Venezuela’s gold reserves have plunged to their lowest level on record after it sold $1.7bn of the precious metal in the first quarter of the year to repay debts. The country is grappling with an economic crisis that has left it struggling to feed its population.
The Opec member’s gold reserves have dropped almost a third over the past year and it sold over 40 tonnes in February and March, according to IMF data. Gold now makes up almost 70 per cent of the country’s total reserves, which fell to a low of $12.1bn last week.
Venezuela has larger crude reserves than Saudi Arabia but has been hard hit by years of mismanagement and, more recently, depressed prices for oil. Oil accounts for 95 per cent of its export earnings. Despite the recent price rebound, declining oil output is likely to take a further toll on the economy.
The IMF forecasts the economy will shrink 8 per cent this year, and 4.5 per cent in 2017, after a 5.7 per cent contraction in 2015. Inflation is forecast to exceed 1,642 per cent next year, fuelled by printing money to fund a fiscal deficit estimated at about 17 per cent of gross domestic product.
Venezuela began selling its gold reserves in March 2015, according to IMF data. At roughly 367 tonnes, Venezuela has the world’s 16th-biggest gold reserves, according to the World Gold Council. In contrast, China and Russia both added to their gold holdings this year, the data show.

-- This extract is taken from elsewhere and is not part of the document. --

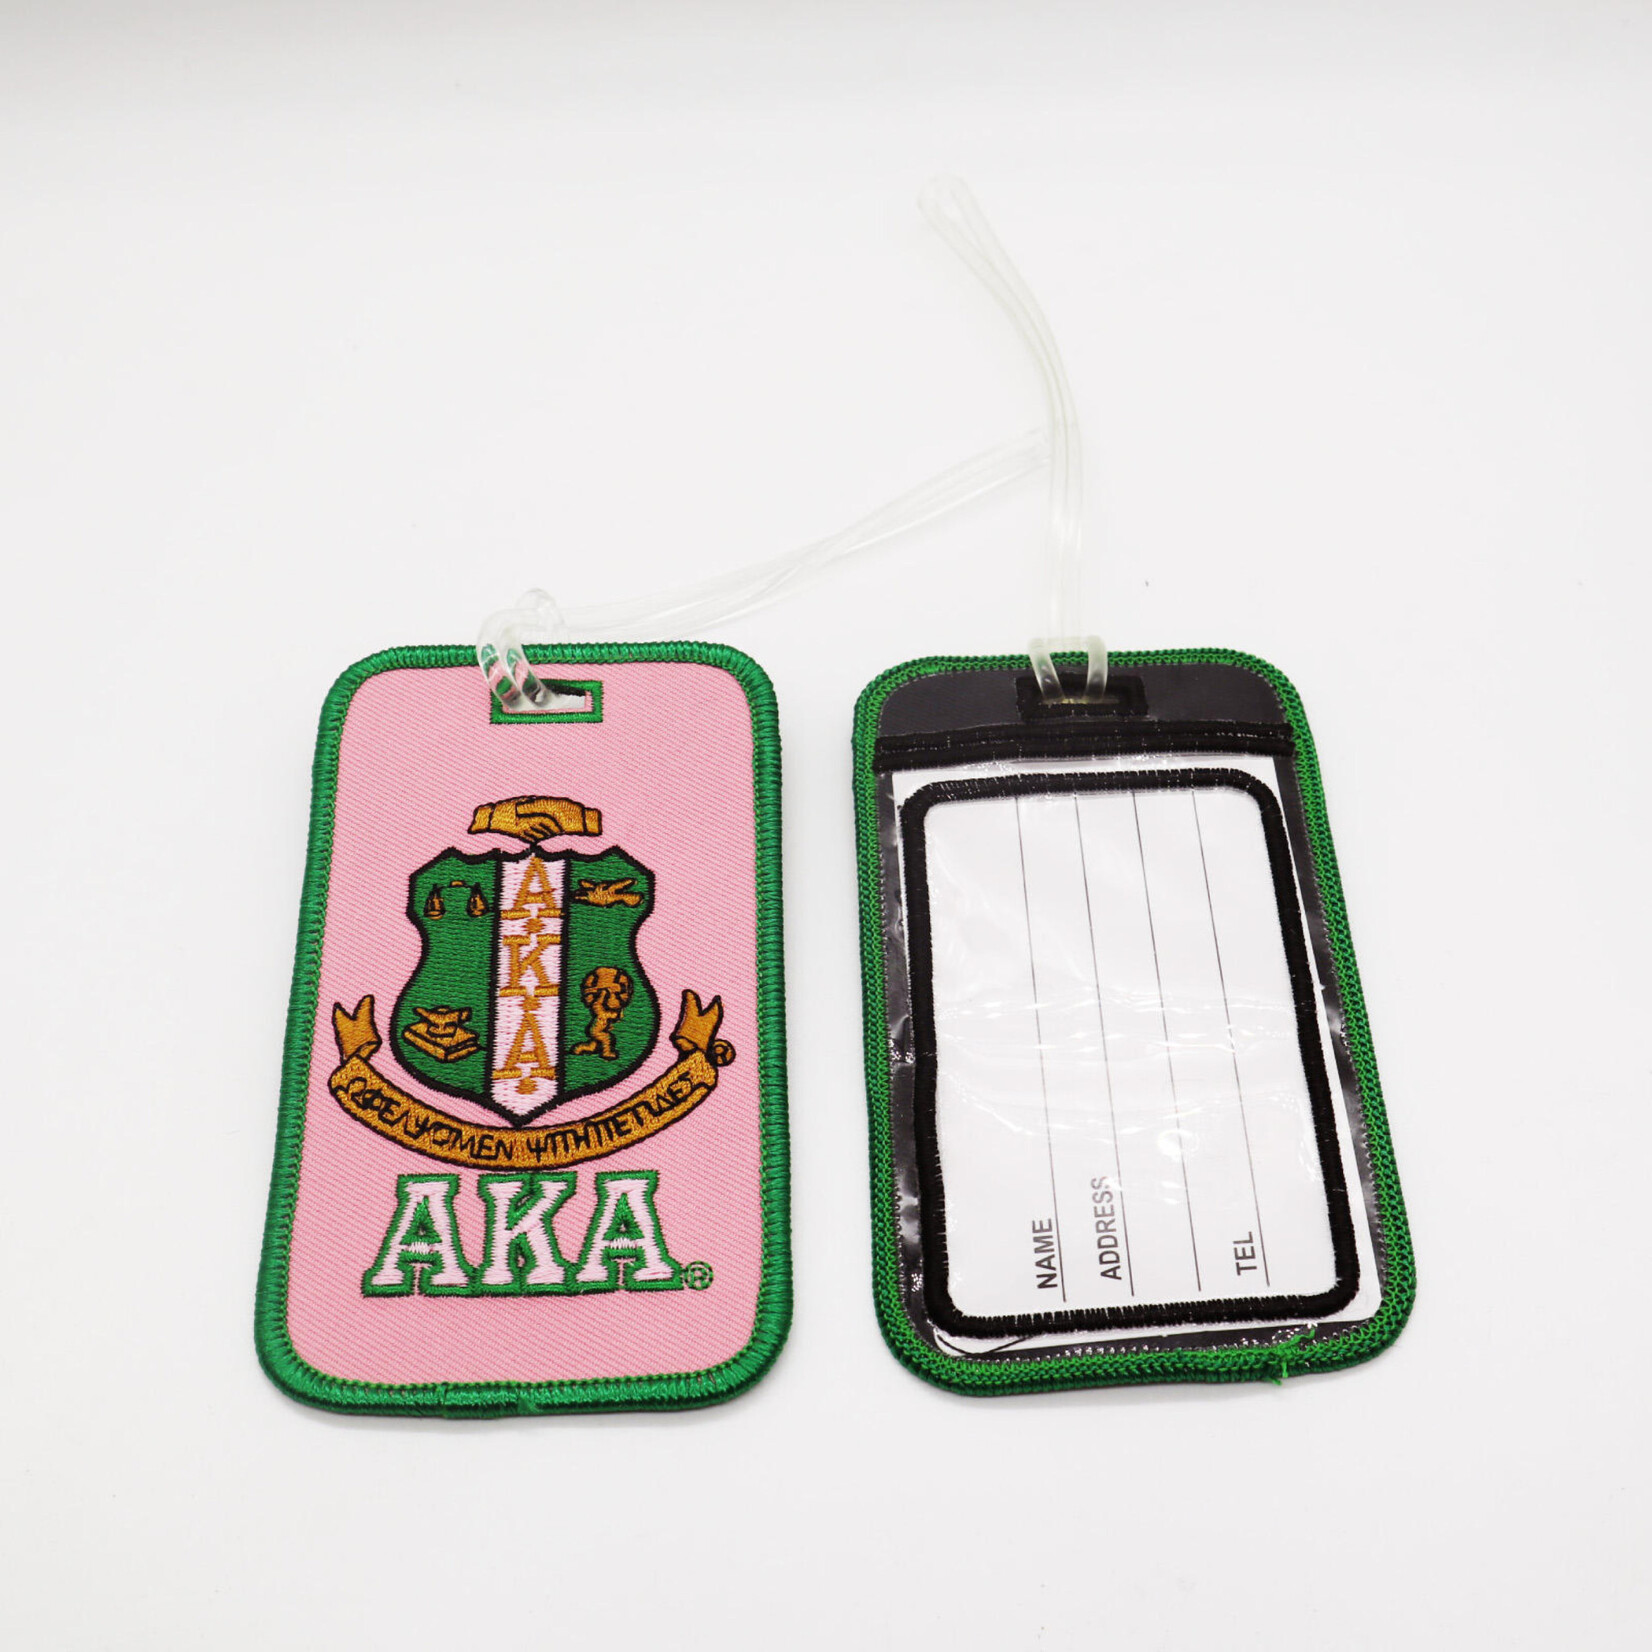 ΑΚΑ AKA Shield Embroidered Luggage Tag

Gold prices have risen 15 per cent this year. Last year Venezuela’s central bank swapped part of its gold reserves for $1bn in cash through a complex agreement with Citi.
The late president Hugo Chávez had said he would free Venezuela from the “dictatorship of the dollar” and directed the central bank to ditch the US dollar and start amassing gold instead. In 2011, as a safeguard against market instability, Chávez brought most of the gold stored overseas back to Caracas.
The gold swap is another indication the country is desperate for cash. Venezuela and its national oil company PDVSA have some $6bn to repay in principal and interest payments this year, according to Russ Dallen of investment bank Caracas Capital Markets. Amid fears of default, PDVSA is attempting to restructure some of its debt, sources say.
Seeking to reassure investors this month, Miguel Pérez Abad, Venezuela’s economic tsar, told news agencies that the country has reached a deal with its main financier China to extend loans, and that he would further cut imports — even if shortages of basic goods are ravaging the country.
“We have a cash flow problem, but we have sufficient assets for the short-term and will reprofile the debt levels in an intelligent manner. There are various scenarios, and all of the proposals are extraordinary for the bondholders. They have the absolute assurance that their securities are guaranteed,” Mr Pérez Abad told Bloomberg. Ecoanalítica, a Caracas-based consultancy, said in a note that “we consider that the payments of external debt is a priority for the executive”.